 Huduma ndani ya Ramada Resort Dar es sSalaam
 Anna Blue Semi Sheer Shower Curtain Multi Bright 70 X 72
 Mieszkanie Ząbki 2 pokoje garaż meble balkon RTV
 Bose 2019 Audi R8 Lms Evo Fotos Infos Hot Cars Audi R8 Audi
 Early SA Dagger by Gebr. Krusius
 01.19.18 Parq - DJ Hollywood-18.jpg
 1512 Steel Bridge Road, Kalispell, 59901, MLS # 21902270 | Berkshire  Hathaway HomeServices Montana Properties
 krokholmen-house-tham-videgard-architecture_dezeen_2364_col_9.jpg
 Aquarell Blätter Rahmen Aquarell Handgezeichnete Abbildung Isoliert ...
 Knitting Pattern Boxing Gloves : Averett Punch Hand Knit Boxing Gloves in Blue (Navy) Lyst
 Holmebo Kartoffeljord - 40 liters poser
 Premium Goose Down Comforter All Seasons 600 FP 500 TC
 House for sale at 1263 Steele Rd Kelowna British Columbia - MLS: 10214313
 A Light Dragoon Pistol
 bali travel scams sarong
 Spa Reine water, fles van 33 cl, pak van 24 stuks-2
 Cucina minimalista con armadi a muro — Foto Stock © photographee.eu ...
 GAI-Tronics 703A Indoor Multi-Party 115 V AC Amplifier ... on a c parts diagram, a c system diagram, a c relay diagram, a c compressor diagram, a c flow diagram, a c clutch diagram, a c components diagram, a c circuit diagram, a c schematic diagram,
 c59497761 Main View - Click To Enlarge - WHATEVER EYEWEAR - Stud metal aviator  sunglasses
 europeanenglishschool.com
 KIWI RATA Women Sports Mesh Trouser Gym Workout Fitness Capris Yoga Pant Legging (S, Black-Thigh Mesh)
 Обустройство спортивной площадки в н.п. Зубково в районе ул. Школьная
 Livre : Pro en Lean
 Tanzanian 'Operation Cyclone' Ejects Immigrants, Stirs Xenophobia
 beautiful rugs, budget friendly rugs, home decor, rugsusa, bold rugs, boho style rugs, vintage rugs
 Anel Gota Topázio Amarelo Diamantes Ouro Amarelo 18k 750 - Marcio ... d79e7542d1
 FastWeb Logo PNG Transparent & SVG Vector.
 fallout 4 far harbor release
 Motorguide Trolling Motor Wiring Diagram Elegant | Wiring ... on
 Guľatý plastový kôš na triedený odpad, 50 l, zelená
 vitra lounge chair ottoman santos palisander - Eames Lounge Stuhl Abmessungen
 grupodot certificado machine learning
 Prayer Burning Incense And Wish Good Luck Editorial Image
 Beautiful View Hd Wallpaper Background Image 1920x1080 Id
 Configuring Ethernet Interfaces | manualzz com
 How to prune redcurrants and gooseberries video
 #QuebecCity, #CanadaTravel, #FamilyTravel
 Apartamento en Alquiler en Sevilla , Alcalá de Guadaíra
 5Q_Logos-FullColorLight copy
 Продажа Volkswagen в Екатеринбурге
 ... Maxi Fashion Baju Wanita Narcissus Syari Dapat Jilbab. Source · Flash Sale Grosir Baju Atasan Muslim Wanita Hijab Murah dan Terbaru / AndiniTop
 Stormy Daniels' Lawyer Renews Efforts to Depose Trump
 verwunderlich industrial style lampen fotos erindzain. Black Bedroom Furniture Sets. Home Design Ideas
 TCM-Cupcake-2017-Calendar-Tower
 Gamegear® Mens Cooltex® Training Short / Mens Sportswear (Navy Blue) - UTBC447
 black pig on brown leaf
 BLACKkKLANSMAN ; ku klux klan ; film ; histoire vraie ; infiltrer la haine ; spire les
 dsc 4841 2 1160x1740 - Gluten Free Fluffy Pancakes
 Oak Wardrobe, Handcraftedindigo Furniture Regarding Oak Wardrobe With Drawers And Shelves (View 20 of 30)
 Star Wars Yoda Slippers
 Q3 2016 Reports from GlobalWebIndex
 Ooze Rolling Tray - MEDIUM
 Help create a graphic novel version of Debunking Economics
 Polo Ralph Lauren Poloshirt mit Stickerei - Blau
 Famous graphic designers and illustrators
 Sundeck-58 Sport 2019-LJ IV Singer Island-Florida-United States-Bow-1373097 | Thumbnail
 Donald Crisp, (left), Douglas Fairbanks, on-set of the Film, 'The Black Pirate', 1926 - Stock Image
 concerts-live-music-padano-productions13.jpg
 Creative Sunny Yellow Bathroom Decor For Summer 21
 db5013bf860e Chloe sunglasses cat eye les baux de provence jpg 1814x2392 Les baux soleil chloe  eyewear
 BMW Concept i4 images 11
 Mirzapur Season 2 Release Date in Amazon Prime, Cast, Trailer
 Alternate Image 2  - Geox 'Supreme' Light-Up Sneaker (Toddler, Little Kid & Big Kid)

ABOUT THIS TASK: The records above are to be given again in full, word for word.

OUTPUT FOR THIS TASK:
 Huduma ndani ya Ramada Resort Dar es sSalaam
 Anna Blue Semi Sheer Shower Curtain Multi Bright 70 X 72
 Mieszkanie Ząbki 2 pokoje garaż meble balkon RTV
 Bose 2019 Audi R8 Lms Evo Fotos Infos Hot Cars Audi R8 Audi
 Early SA Dagger by Gebr. Krusius
 01.19.18 Parq - DJ Hollywood-18.jpg
 1512 Steel Bridge Road, Kalispell, 59901, MLS # 21902270 | Berkshire  Hathaway HomeServices Montana Properties
 krokholmen-house-tham-videgard-architecture_dezeen_2364_col_9.jpg
 Aquarell Blätter Rahmen Aquarell Handgezeichnete Abbildung Isoliert ...
 Knitting Pattern Boxing Gloves : Averett Punch Hand Knit Boxing Gloves in Blue (Navy) Lyst
 Holmebo Kartoffeljord - 40 liters poser
 Premium Goose Down Comforter All Seasons 600 FP 500 TC
 House for sale at 1263 Steele Rd Kelowna British Columbia - MLS: 10214313
 A Light Dragoon Pistol
 bali travel scams sarong
 Spa Reine water, fles van 33 cl, pak van 24 stuks-2
 Cucina minimalista con armadi a muro — Foto Stock © photographee.eu ...
 GAI-Tronics 703A Indoor Multi-Party 115 V AC Amplifier ... on a c parts diagram, a c system diagram, a c relay diagram, a c compressor diagram, a c flow diagram, a c clutch diagram, a c components diagram, a c circuit diagram, a c schematic diagram,
 c59497761 Main View - Click To Enlarge - WHATEVER EYEWEAR - Stud metal aviator  sunglasses
 europeanenglishschool.com
 KIWI RATA Women Sports Mesh Trouser Gym Workout Fitness Capris Yoga Pant Legging (S, Black-Thigh Mesh)
 Обустройство спортивной площадки в н.п. Зубково в районе ул. Школьная
 Livre : Pro en Lean
 Tanzanian 'Operation Cyclone' Ejects Immigrants, Stirs Xenophobia
 beautiful rugs, budget friendly rugs, home decor, rugsusa, bold rugs, boho style rugs, vintage rugs
 Anel Gota Topázio Amarelo Diamantes Ouro Amarelo 18k 750 - Marcio ... d79e7542d1
 FastWeb Logo PNG Transparent & SVG Vector.
 fallout 4 far harbor release
 Motorguide Trolling Motor Wiring Diagram Elegant | Wiring ... on
 Guľatý plastový kôš na triedený odpad, 50 l, zelená
 vitra lounge chair ottoman santos palisander - Eames Lounge Stuhl Abmessungen
 grupodot certificado machine learning
 Prayer Burning Incense And Wish Good Luck Editorial Image
 Beautiful View Hd Wallpaper Background Image 1920x1080 Id
 Configuring Ethernet Interfaces | manualzz com
 How to prune redcurrants and gooseberries video
 #QuebecCity, #CanadaTravel, #FamilyTravel
 Apartamento en Alquiler en Sevilla , Alcalá de Guadaíra
 5Q_Logos-FullColorLight copy
 Продажа Volkswagen в Екатеринбурге
 ... Maxi Fashion Baju Wanita Narcissus Syari Dapat Jilbab. Source · Flash Sale Grosir Baju Atasan Muslim Wanita Hijab Murah dan Terbaru / AndiniTop
 Stormy Daniels' Lawyer Renews Efforts to Depose Trump
 verwunderlich industrial style lampen fotos erindzain. Black Bedroom Furniture Sets. Home Design Ideas
 TCM-Cupcake-2017-Calendar-Tower
 Gamegear® Mens Cooltex® Training Short / Mens Sportswear (Navy Blue) - UTBC447
 black pig on brown leaf
 BLACKkKLANSMAN ; ku klux klan ; film ; histoire vraie ; infiltrer la haine ; spire les
 dsc 4841 2 1160x1740 - Gluten Free Fluffy Pancakes
 Oak Wardrobe, Handcraftedindigo Furniture Regarding Oak Wardrobe With Drawers And Shelves (View 20 of 30)
 Star Wars Yoda Slippers
 Q3 2016 Reports from GlobalWebIndex
 Ooze Rolling Tray - MEDIUM
 Help create a graphic novel version of Debunking Economics
 Polo Ralph Lauren Poloshirt mit Stickerei - Blau
 Famous graphic designers and illustrators
 Sundeck-58 Sport 2019-LJ IV Singer Island-Florida-United States-Bow-1373097 | Thumbnail
 Donald Crisp, (left), Douglas Fairbanks, on-set of the Film, 'The Black Pirate', 1926 - Stock Image
 concerts-live-music-padano-productions13.jpg
 Creative Sunny Yellow Bathroom Decor For Summer 21
 db5013bf860e Chloe sunglasses cat eye les baux de provence jpg 1814x2392 Les baux soleil chloe  eyewear
 BMW Concept i4 images 11
 Mirzapur Season 2 Release Date in Amazon Prime, Cast, Trailer
 Alternate Image 2  - Geox 'Supreme' Light-Up Sneaker (Toddler, Little Kid & Big Kid)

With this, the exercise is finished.